BehPMGPT: Building a Behavioral Product Manager AI assistant (with code ;))
Justo Hidalgo
Chief AI Officer at Adigital. Highly interested in Responsible AI and Behavioral Psychology. PhD in Computer Science. Book author, working on my fourth one!
Being a Product Manager used to be a simple job
No, don't be harsh on me. I know that your baggy eyes, your constant nervous state and your lack of empathy for the human race are no invention. What I mean is that we had one thing to do: based on a product idea, define how a user would walk the necessary steps to reach the goal: find a search result, hire a plumber or rent a car.
But we followed a flawed premise: that users were rational and, therefore, we just had to define a path that rational users would figure out how to follow.
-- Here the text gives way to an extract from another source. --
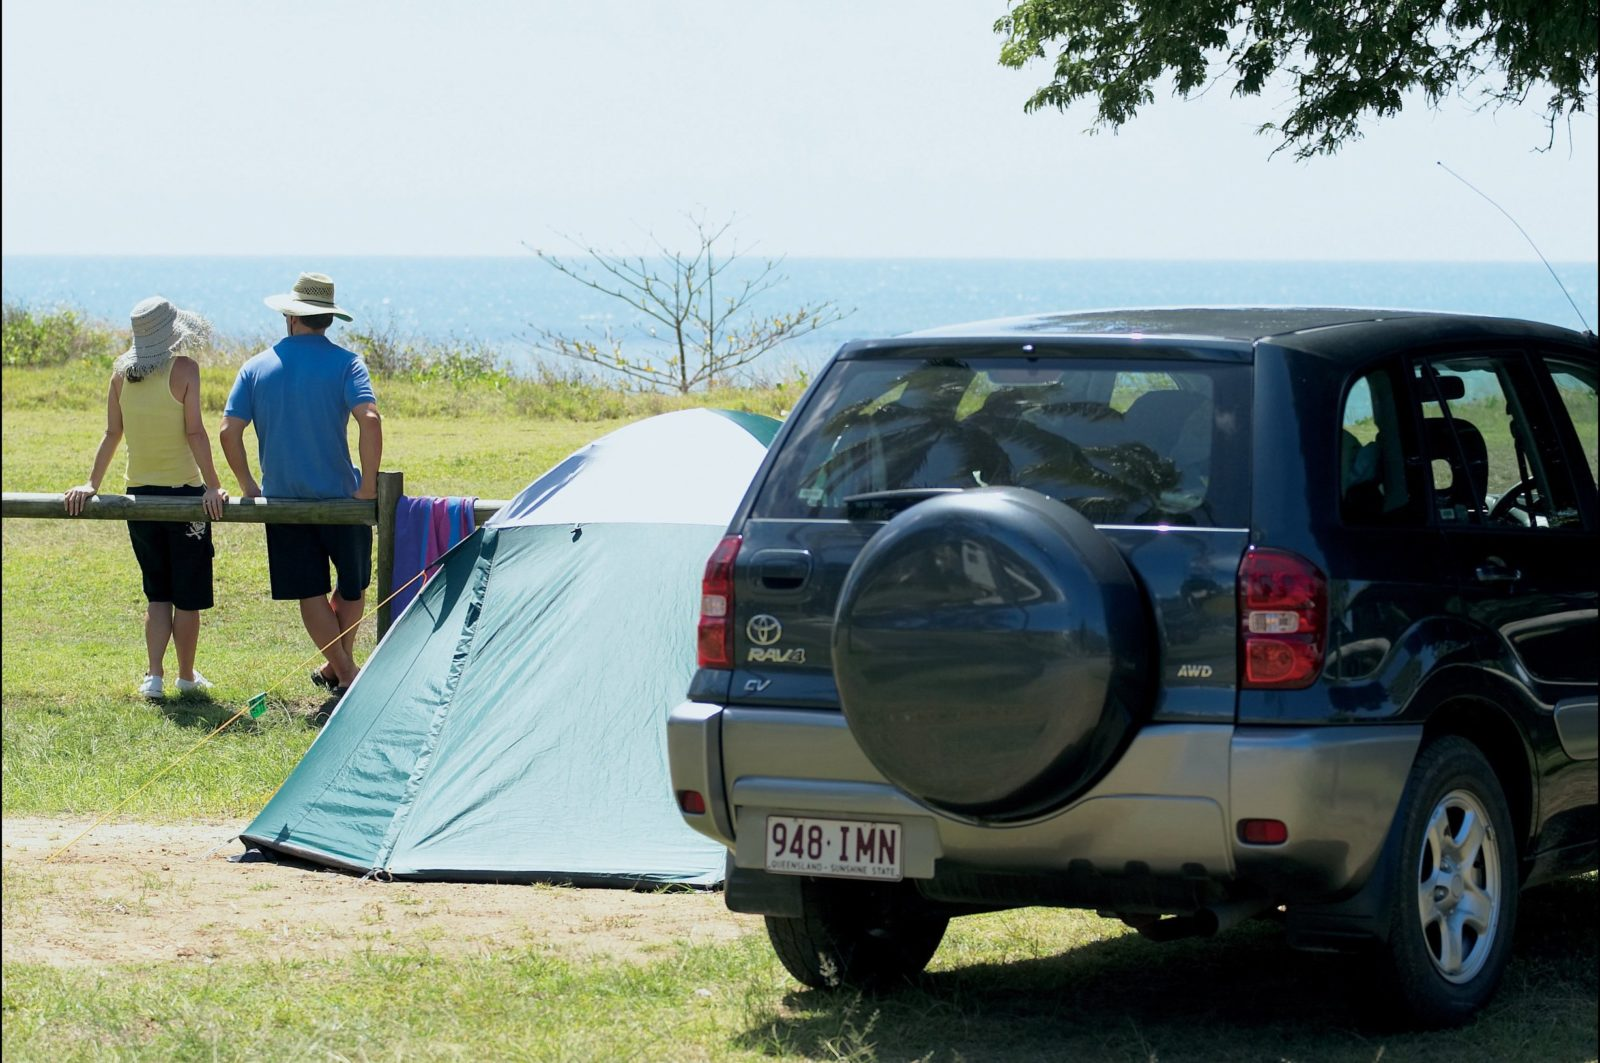 Sea forth Camping
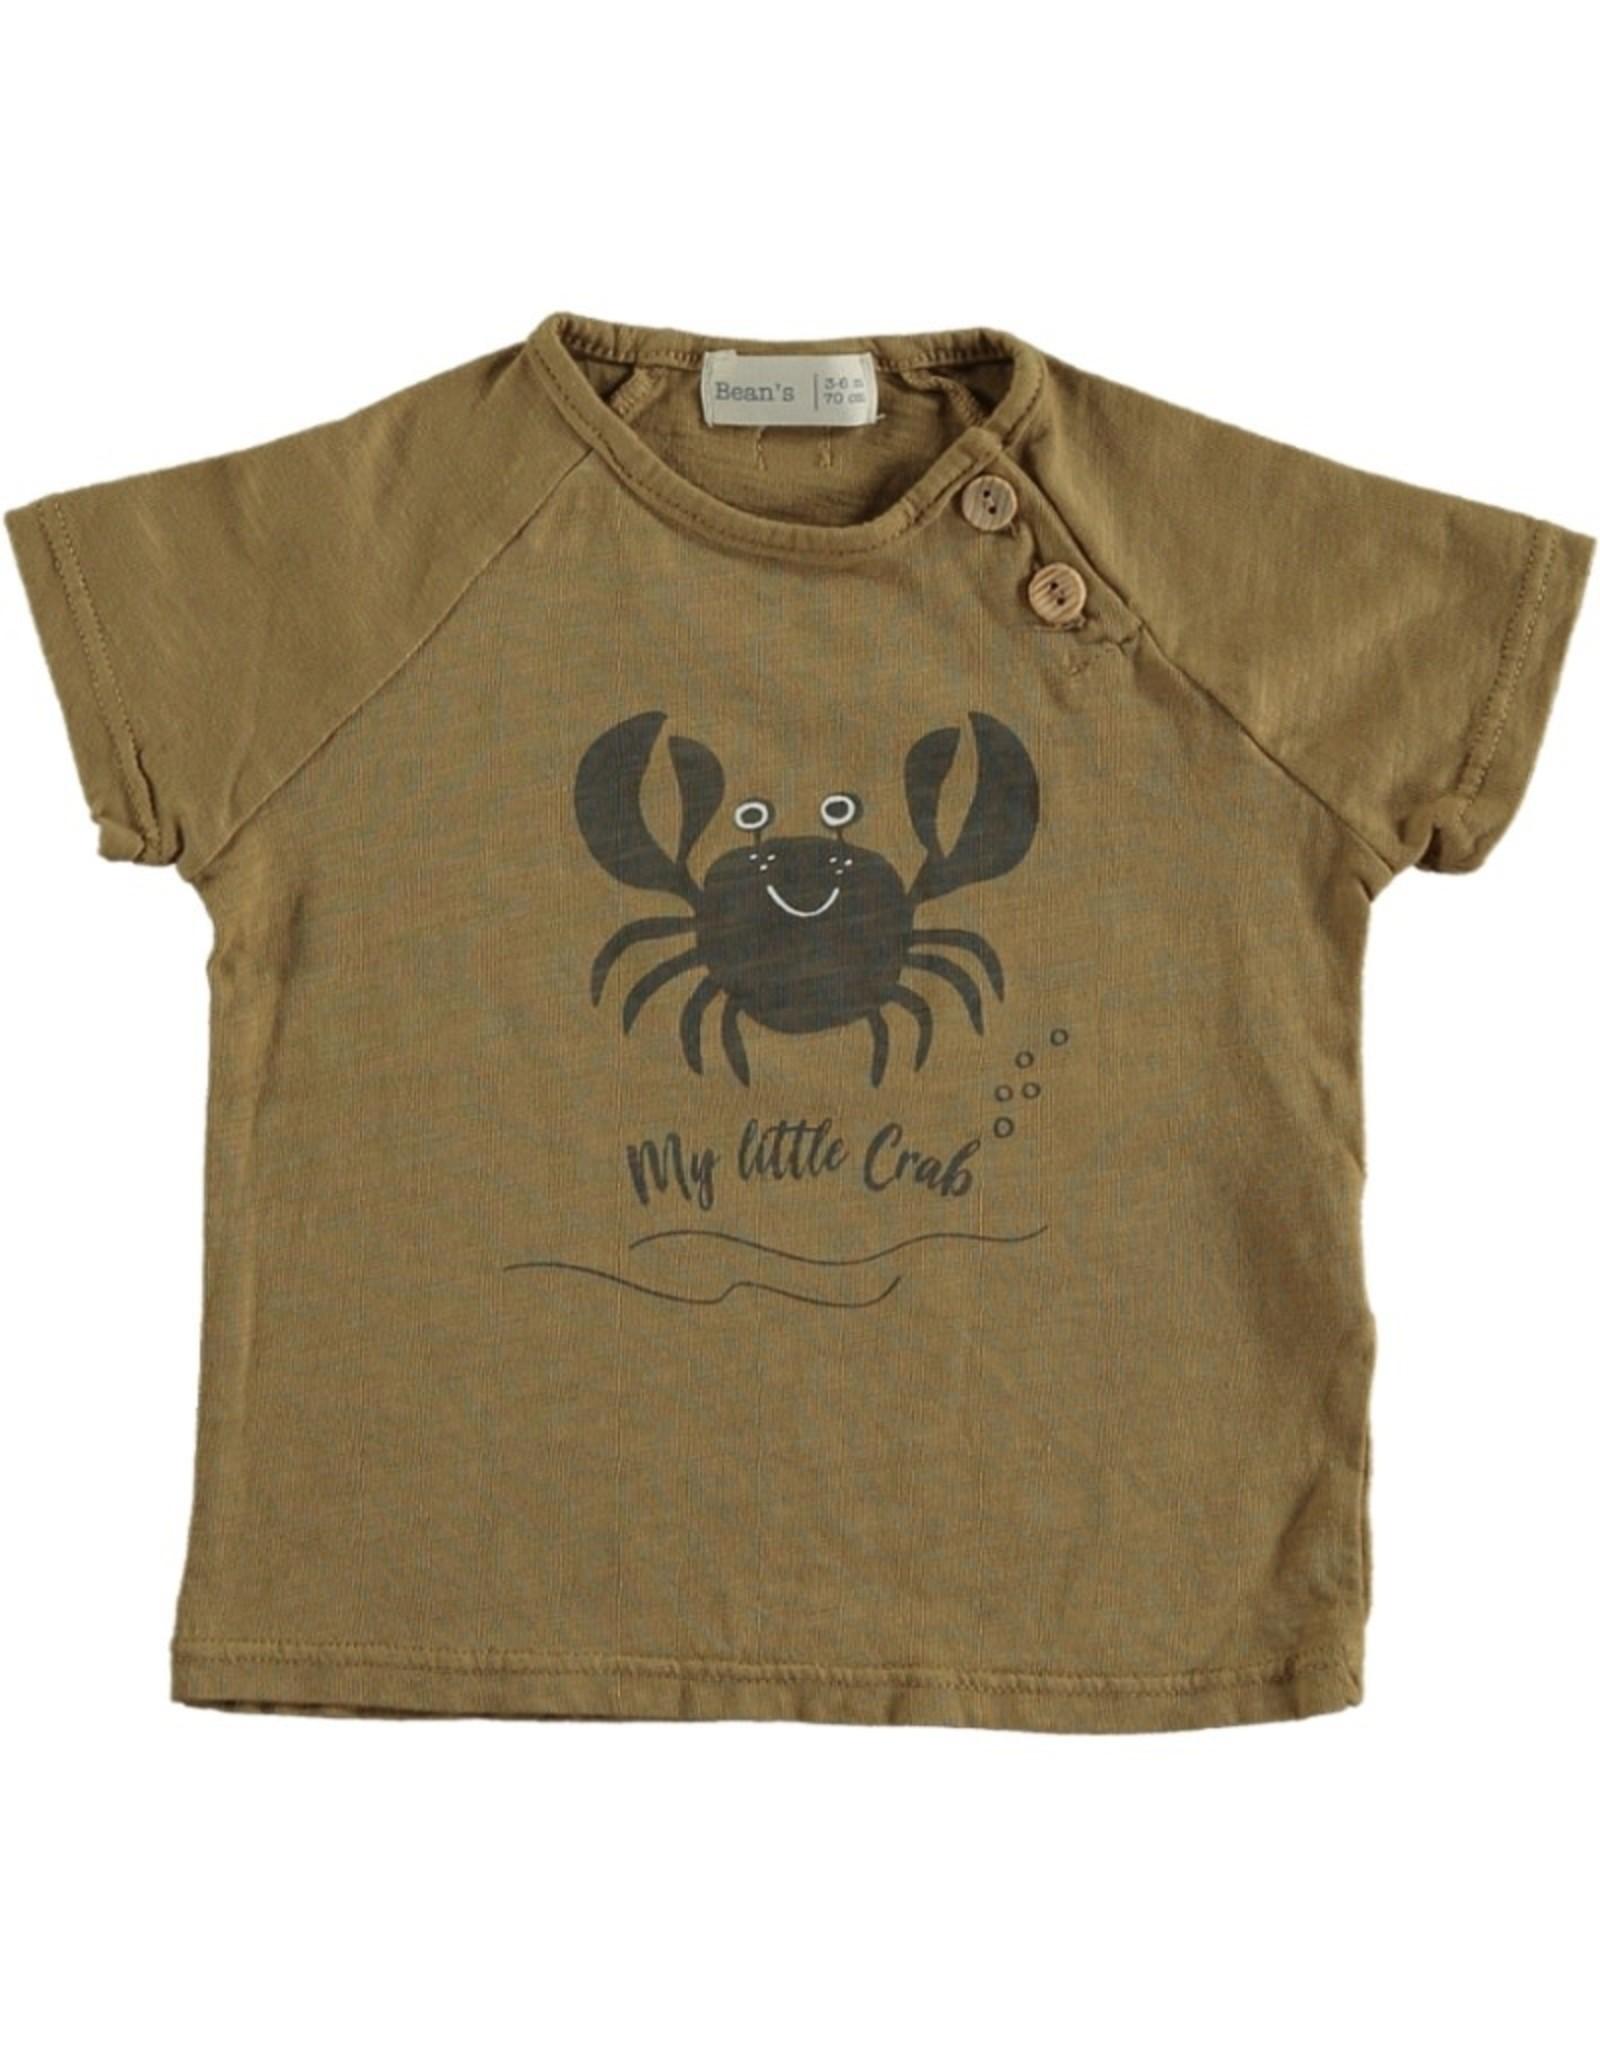 Beans Barcelona Beans Barcelona CLOWNFISH-Crab Cotton T-shirt Camel

No. Kahneman, Sunstein, Thaler, Tversky, and many others showed us that users are irrational, regardless of what we might think of ourselves. There are lots of biases that we humans have and that make us take irrational decisions.
So yes, it's true. Now, our roles as Product Managers, Product Leaders, Product Designers, Product Whatever... have a new peak to climb: how can we build great products and services that ACTUALLY help our irrational users reach their goals? Very tough question but, clickbait alert, there is a follow up to this question that we will only ask at the end of this article.
How can we build great products and services that ACTUALLY help our irrational users reach their goals?
I was kindly invited to give a talk about this issue at the first Product Fest, organized by the great The Hero Camp . They had the great idea of asking their community what they would like this conference to be. And they answered with what they DID NOT WANT: another talk-only conference.
They asked me if I could have a session about Product Management and Behavioral Psychology... without it being a 1-hour talk.
And I said:
Hold my beer. Why don't we add AI to the equation?
The funny thing is that I made José Manuel Pérez Prado and Manuel Aguilar-Amat Orna think this was an effort I was going to do for them. No. The only reason I proposed using AI is because...
I am REALLY LAZY
Once ChatGPT shocked the world, and, specially, when there strted to be ways to take the best of the current state of the art of "standard" language processing and the new Large Language Models, it was clear to me (and to many more, obviously) that the ability to "talk to your documents" could become a fact.
And for me, this is a fundamental switch, even almost philosophical, of how my work could change.
My professional activity has evolved throughout the years for, I believe, three main reasons:
What if #3 could be partially moved to an AI assistant so it would potentially decrease #2 - or, keeping #2 constant, would open up my time to new productivity levels?
So I built...
BehPMGPT (pronounced [beh-pee-em-jee-pee-tee])
A horrible name for a quite useful personal tool.
What's BehPMGPT? It's basically the knowledge I have produced throughout the years I've spent around the product world. In my personal tool, I used many different resources, but for the workshop I gave at Product Fest, I simplified it to two main sources (warning: blatant self-promo incoming!!!): two of my books about product.
The idea is simple: if an AI can "read" my books and then answer questions about what I wrote, it would make my life easier when I want to build new products and services. The AI would capture the basics of how I approach my role, but without letting me forget specific steps, approaches or elements.
BehPMGPT is an AI chatbot that makes use of the information contained on books I have written about product and behavioral psychology.
And this is the result.
Enough moomba joomba - now get technical please
Of course, I'm here to please you. Let's see what's in the backstage.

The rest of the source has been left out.